Produce a word-for-word copy of the listing below without its pictures.
[[ AVAILABLE DATA, beginning ]]
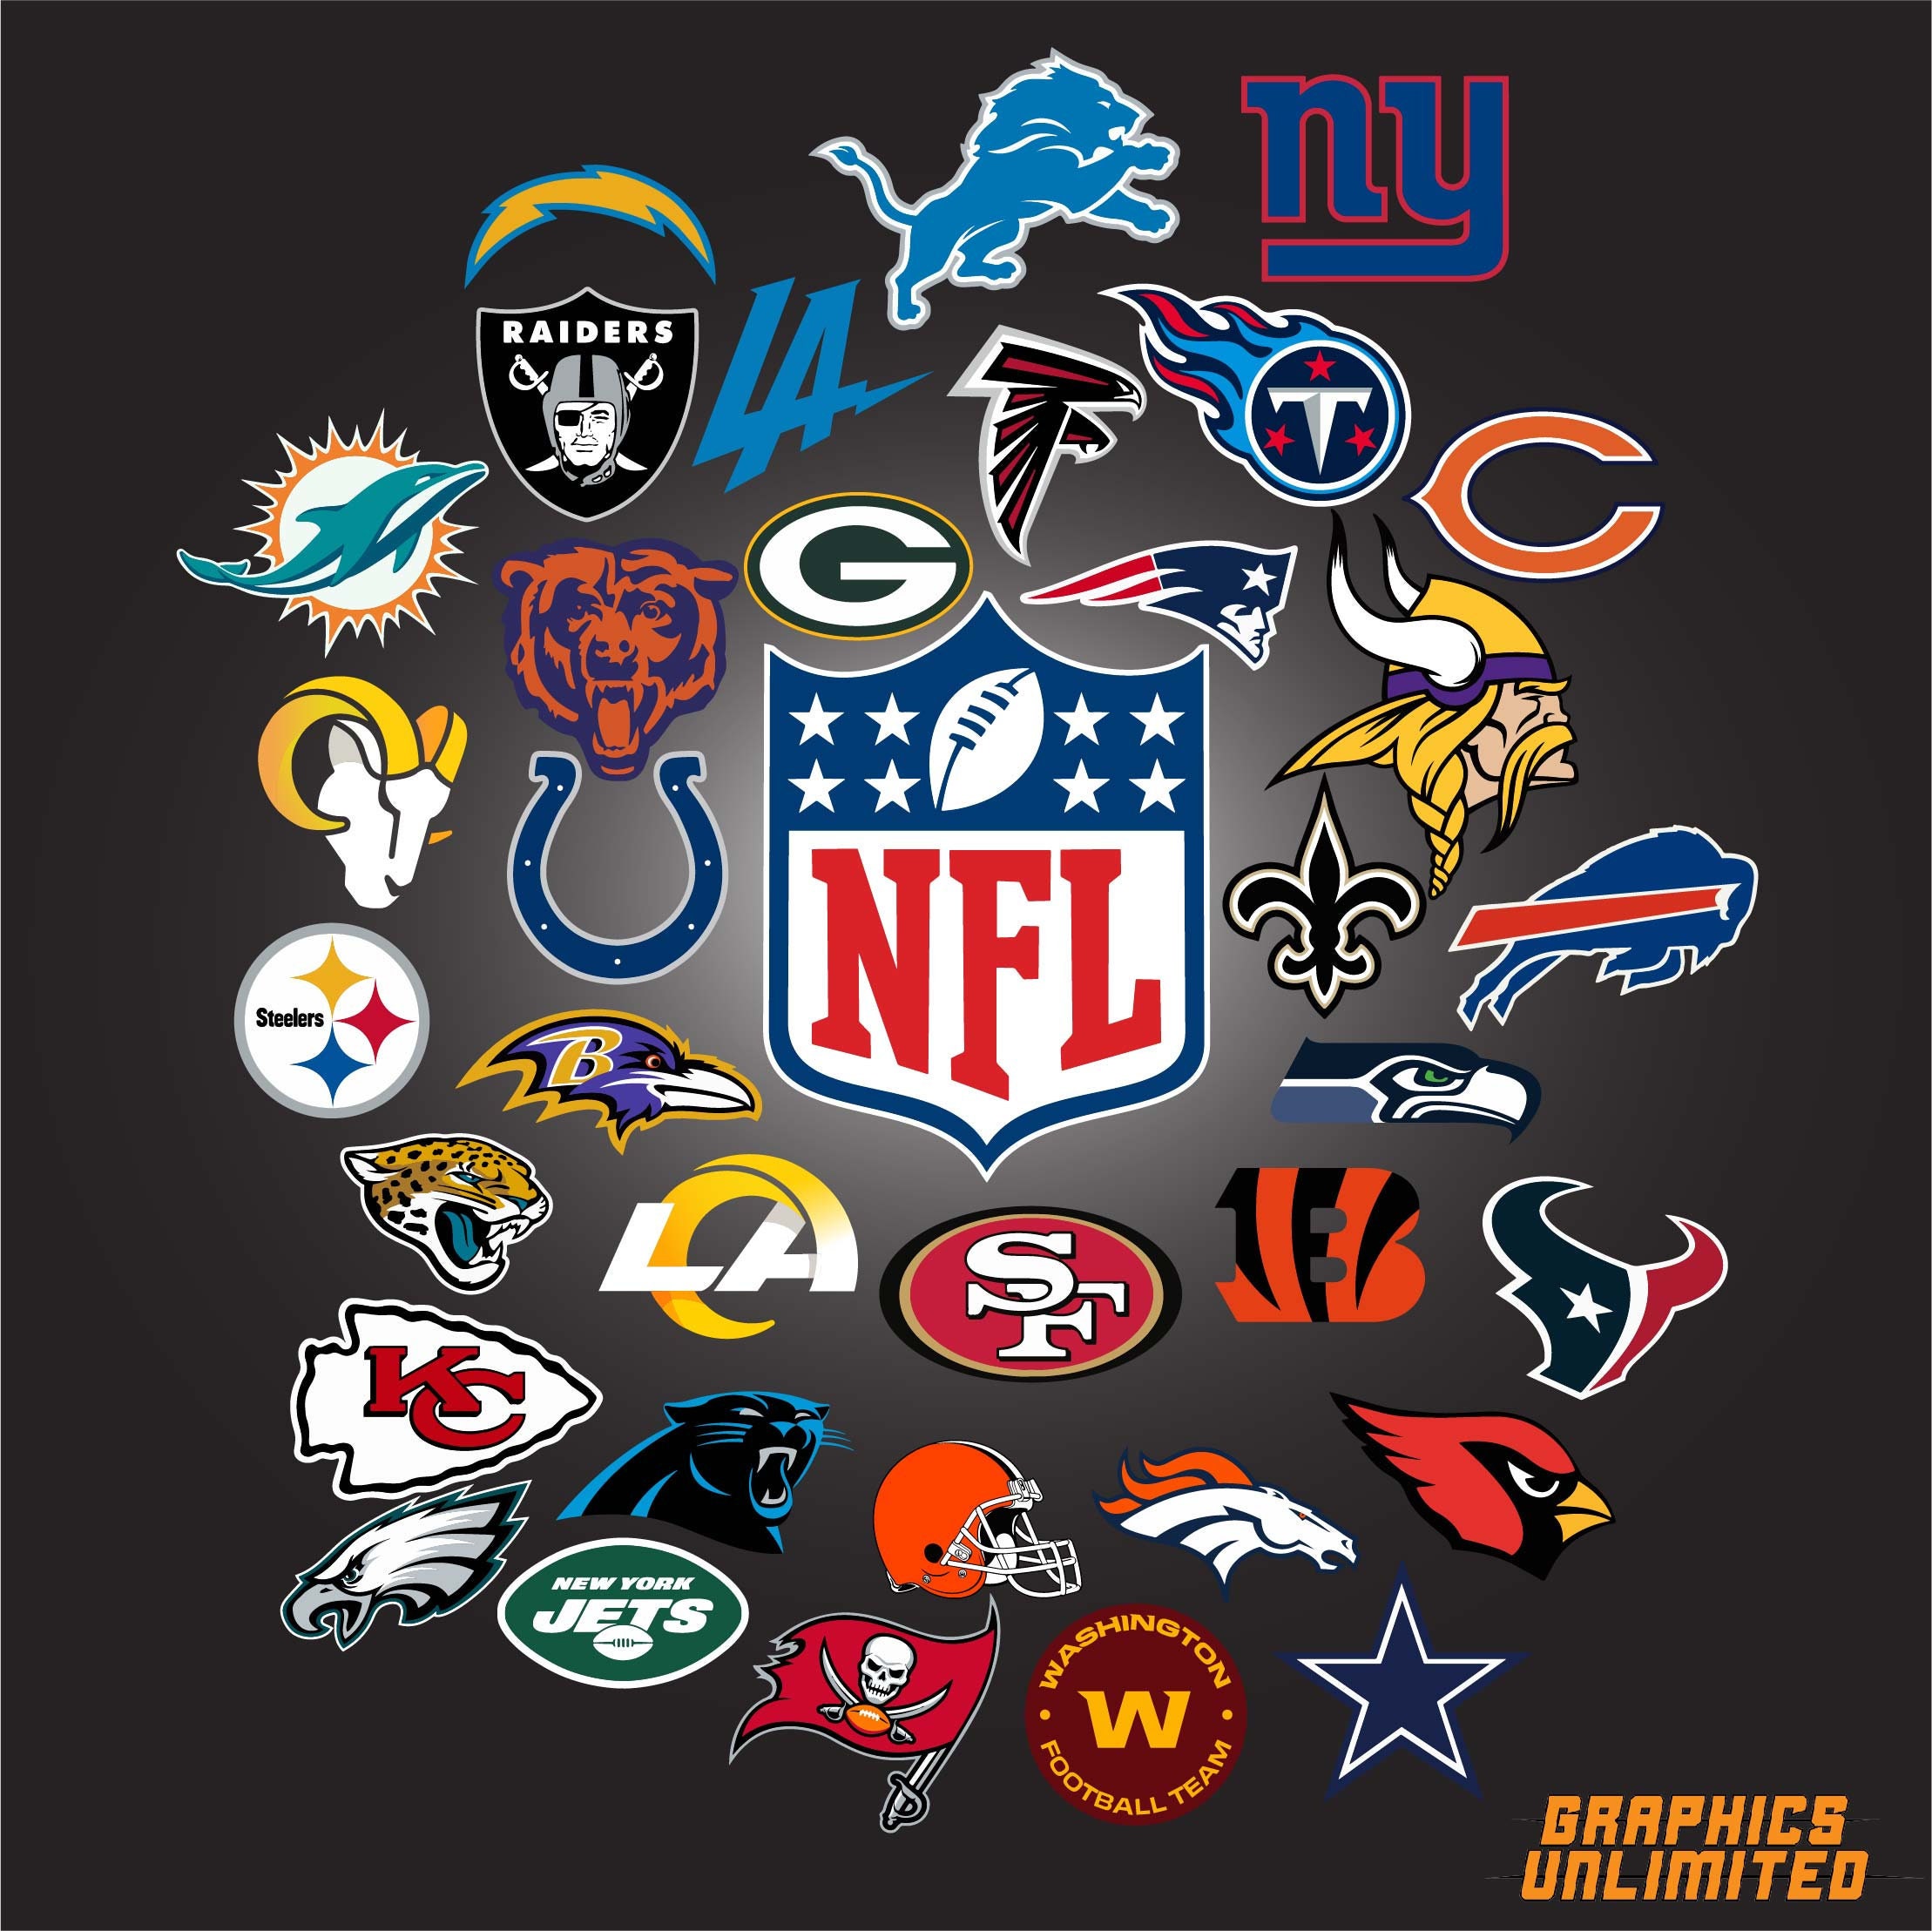 All 32 NFL SVG Teams Logos Up To Date Scalable ai file and | Etsy
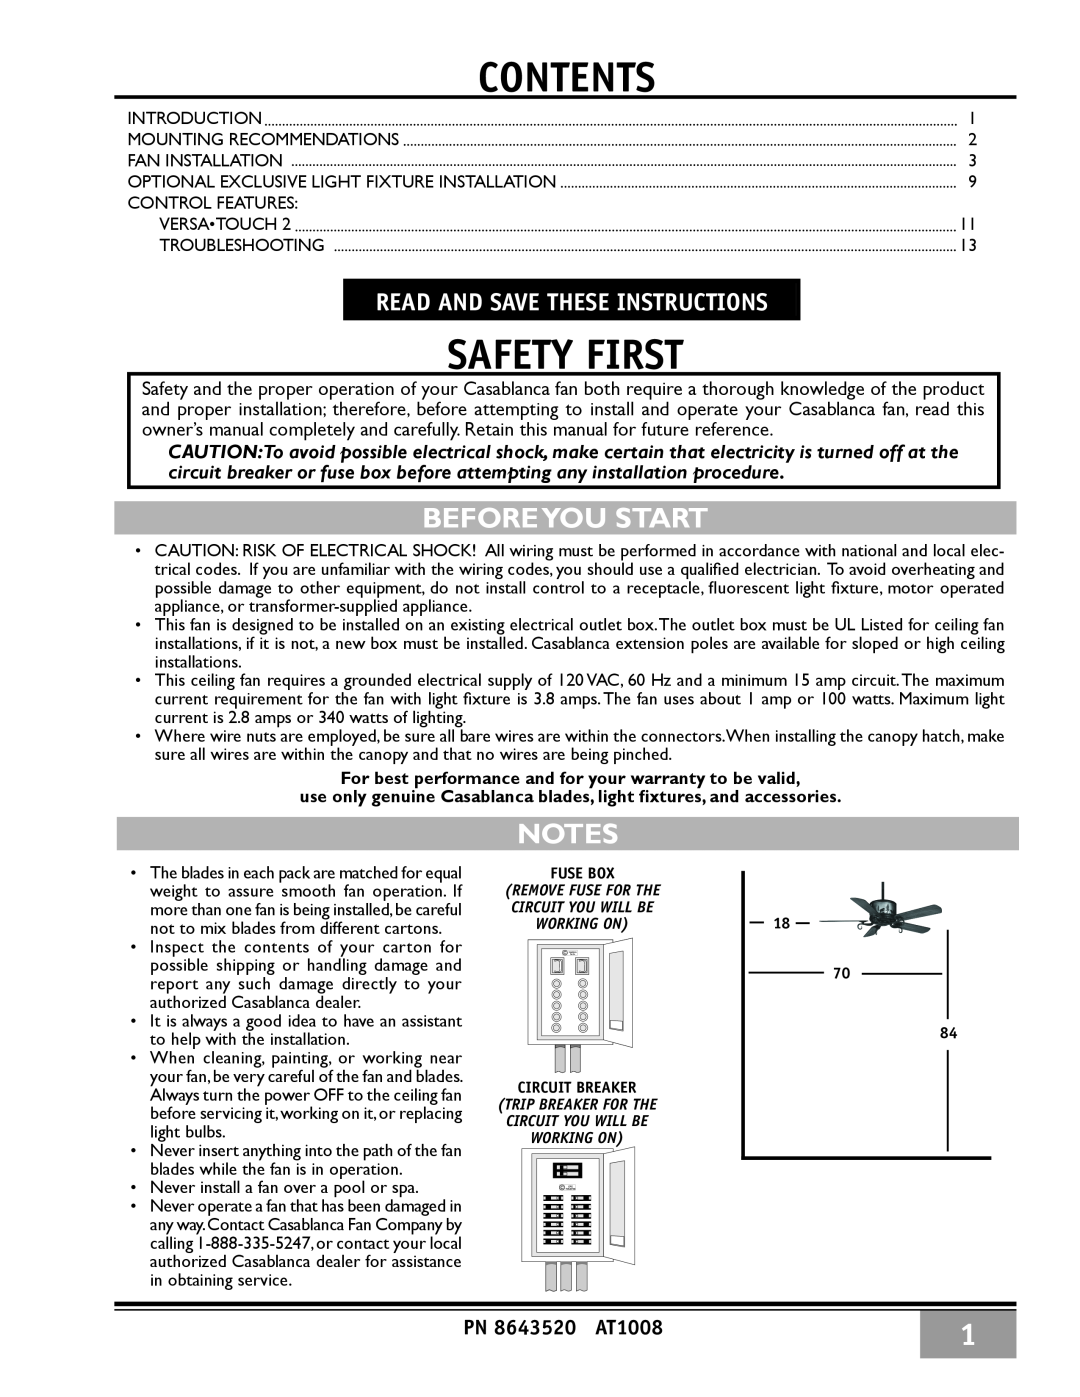 Casablanca Fan Company 86UxxM owner manual Beforeyou Start, Read And Save These Instructions, Contents, Safety First 
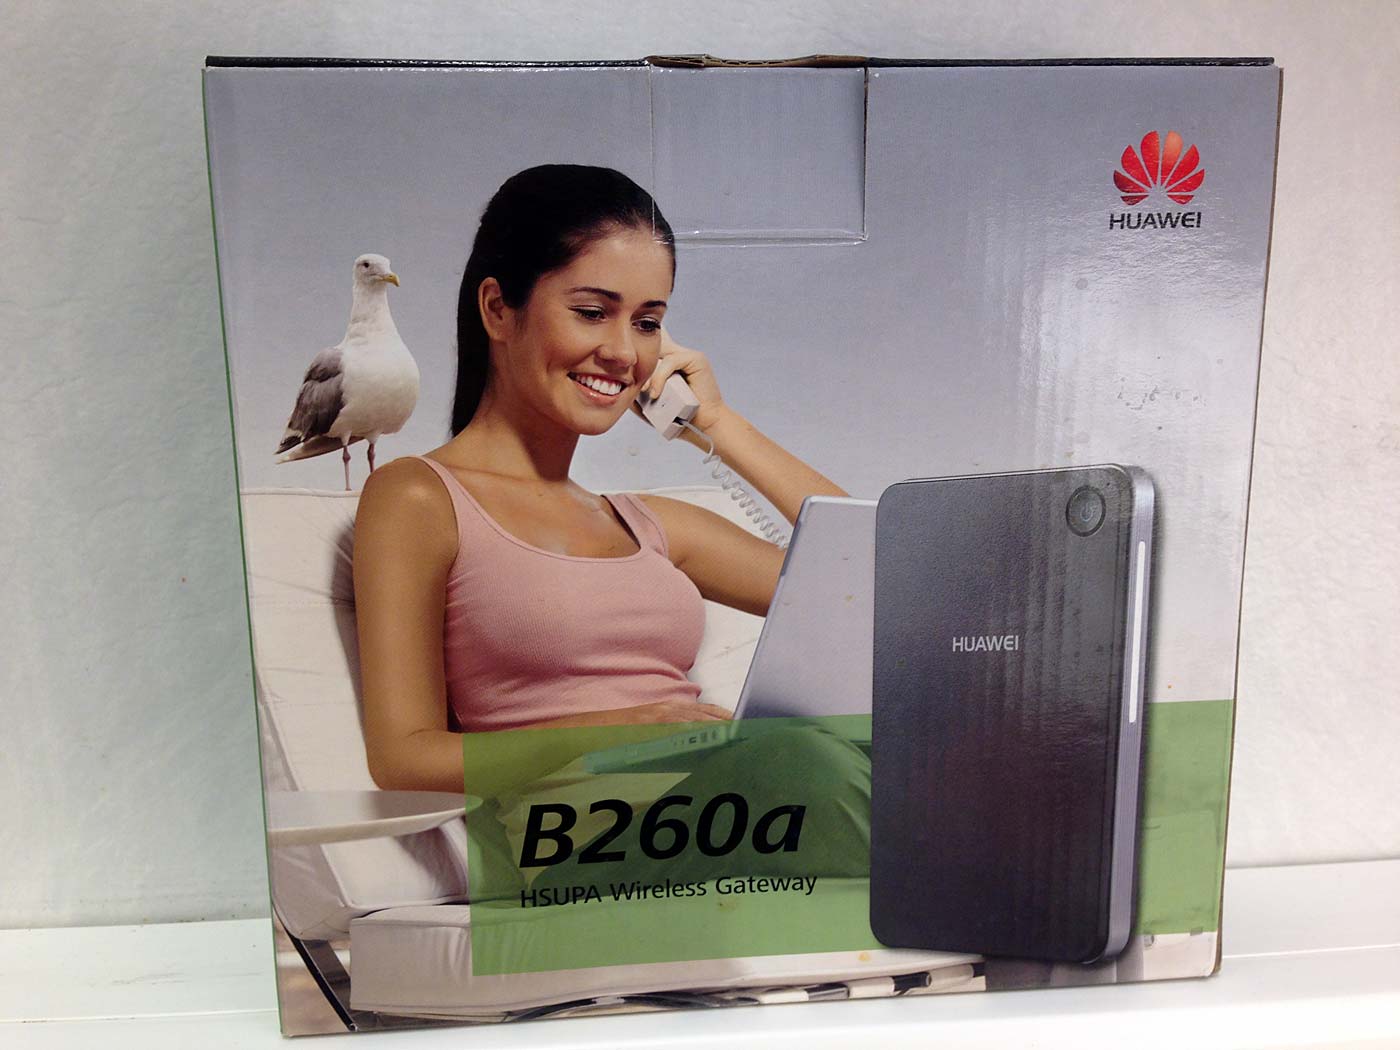 Djúpavík. And Trékyllisvík. I. - Ok, somewthing completely different: In the kitchen we found this box for W-LAN-Router. And we wondered why a sea bird stands behind the woman?! A bird on the cover picture of a box for a router - does not match well. But the bird makes the pictures interesting again! (11 October 2013)
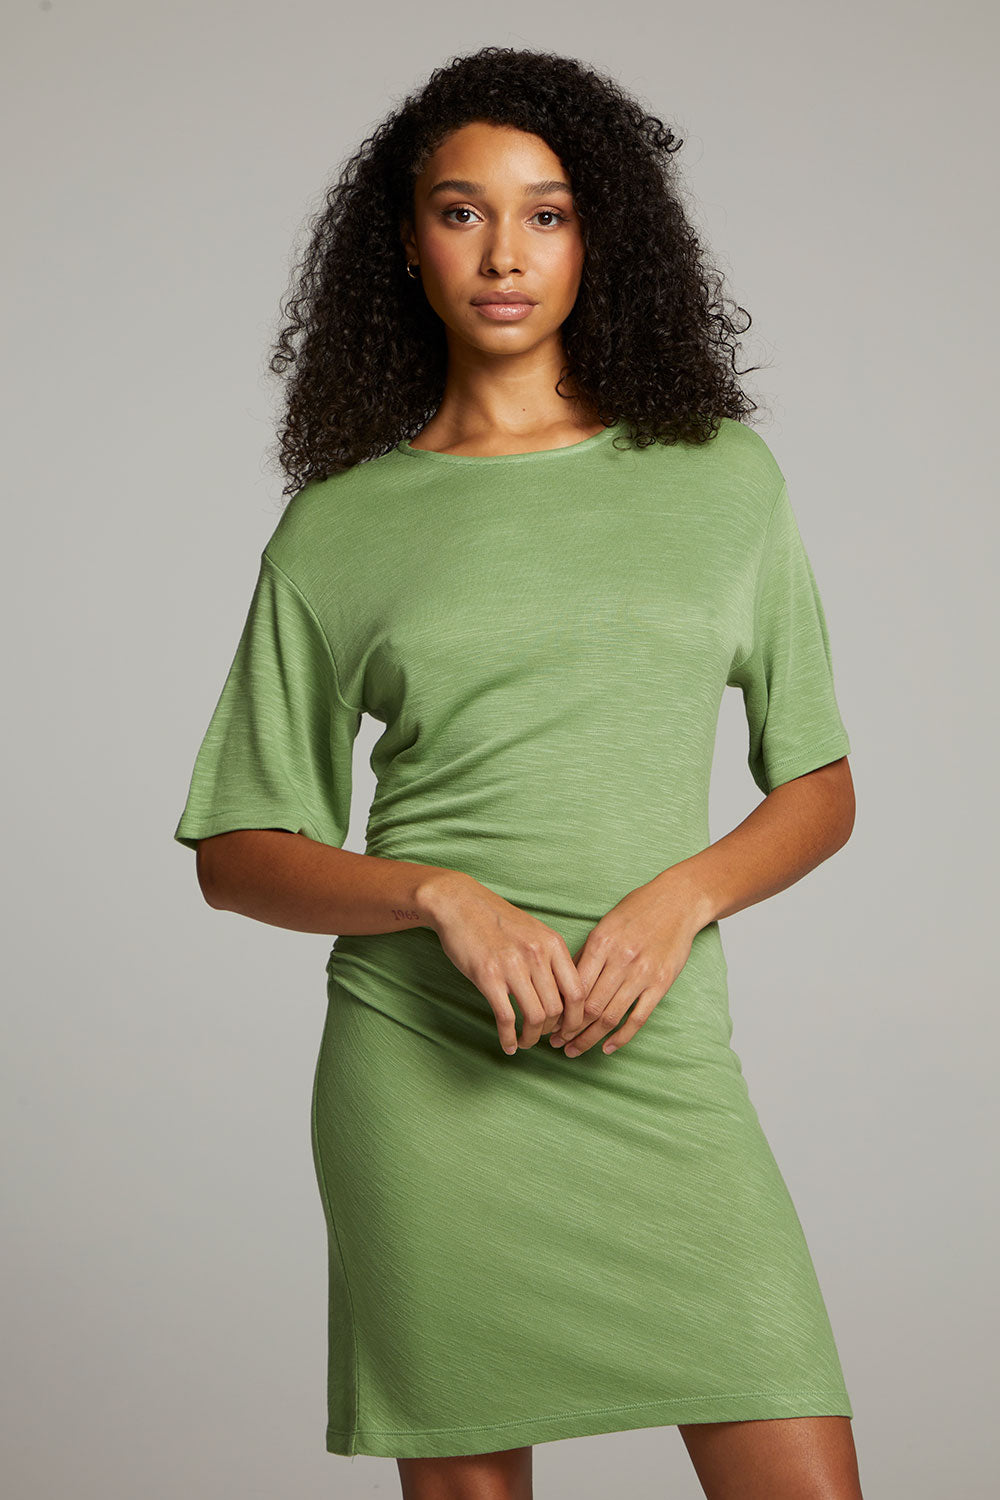 Memory Piquant Green Mini Dress WOMENS chaserbrand
[[ AVAILABLE DATA, end ]]
WRITTEN SOLUTION:
 All 32 NFL SVG Teams Logos Up To Date Scalable ai file and | Etsy
 Casablanca Fan Company 86UxxM owner manual Beforeyou Start, Read And Save These Instructions, Contents, Safety First 
 Djúpavík. And Trékyllisvík. I. - Ok, somewthing completely different: In the kitchen we found this box for W-LAN-Router. And we wondered why a sea bird stands behind the woman?! A bird on the cover picture of a box for a router - does not match well. But the bird makes the pictures interesting again! (11 October 2013)
 Memory Piquant Green Mini Dress WOMENS chaserbrand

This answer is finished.